TCI provides the residential care workforce with the skills, attitudes, and knowledge required to use a trauma-informed approach to the prevention, de-escalation, and management of children’s challenging behavior in residential care settings. TCI was first developed by the Residential Child Care Project (RCCP) in the late 1970’s and has been revised six times. The most recent edition, TCI7, was released in January, 2020. Every revision of TCI has been informed by research, both published research undertaken by others and research conducted by RCCP staff.

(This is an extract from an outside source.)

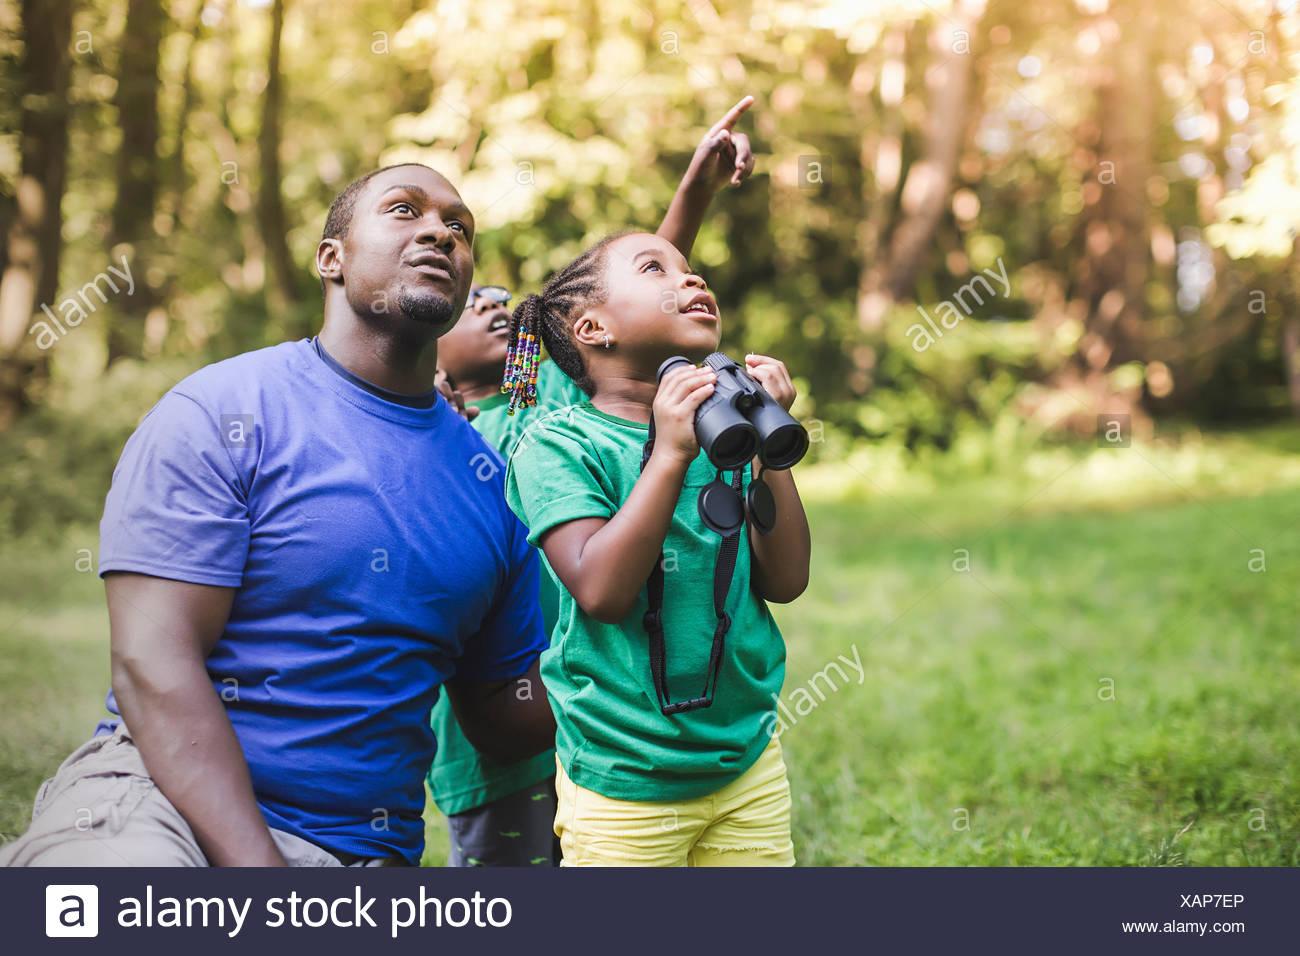 Jeune père avec son fils et sa fille l'observation des oiseaux en eco forest camp Photo Stock
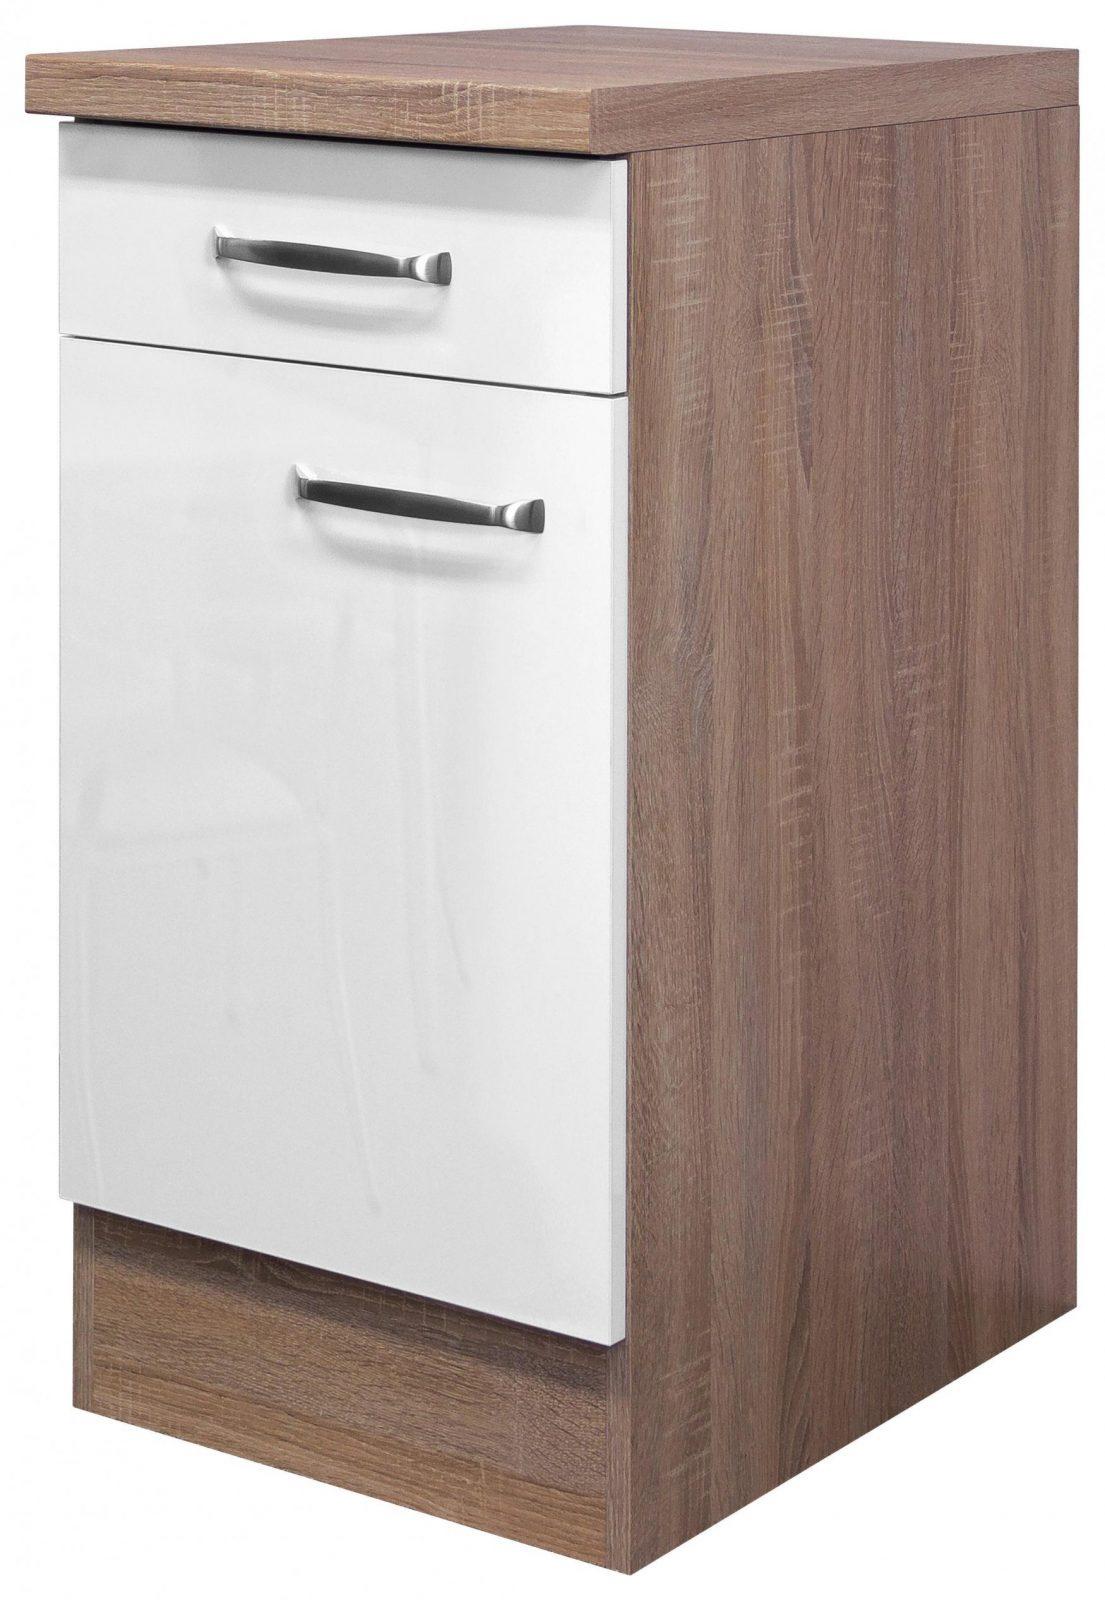 Küchenunterschrank Weiß Hochglanzeiche Online Kaufen Mömax von Küchen Unterschrank Ohne Arbeitsplatte Photo

To create the 7th edition, Concept Mapping (CM) was used to identify “threshold concepts” in TCI. Threshold concepts are distinguished from core concepts in any given field of study by five key characteristics – transformative, irreversible, integrative, bounded and troublesome. Because a threshold concept enables new ways of thinking and understanding, once grasped, it has a transformative effect on the learner. A threshold concept is irreversible in that (again, once grasped) it is difficult or impossible to forget it. Its integrative nature illuminates relationships between ideas or phenomena, and it contributes to defining disciplinary or subject boundaries (i.e. is bounded). Finally, a threshold concept can be counter-intuitive, difficult to grasp, tacit and/or challenging to pre-existing ways of understanding and therefore troublesome. Troublesomeness is often the most immediately recognizable characteristic of threshold concepts.

CM is a powerful, participatory mixed-method approach that organizes and represents ideas from a defined group. Utilizing the individual and collective knowledge of the group, CM generates an interpretable conceptual framework in the language of the participants. As a participatory mixed-methods approach, concept mapping integrates qualitative individual and group ideas on any topic of interest and uses multivariate analyses to represent these ideas visually through a series of related two-dimensional maps.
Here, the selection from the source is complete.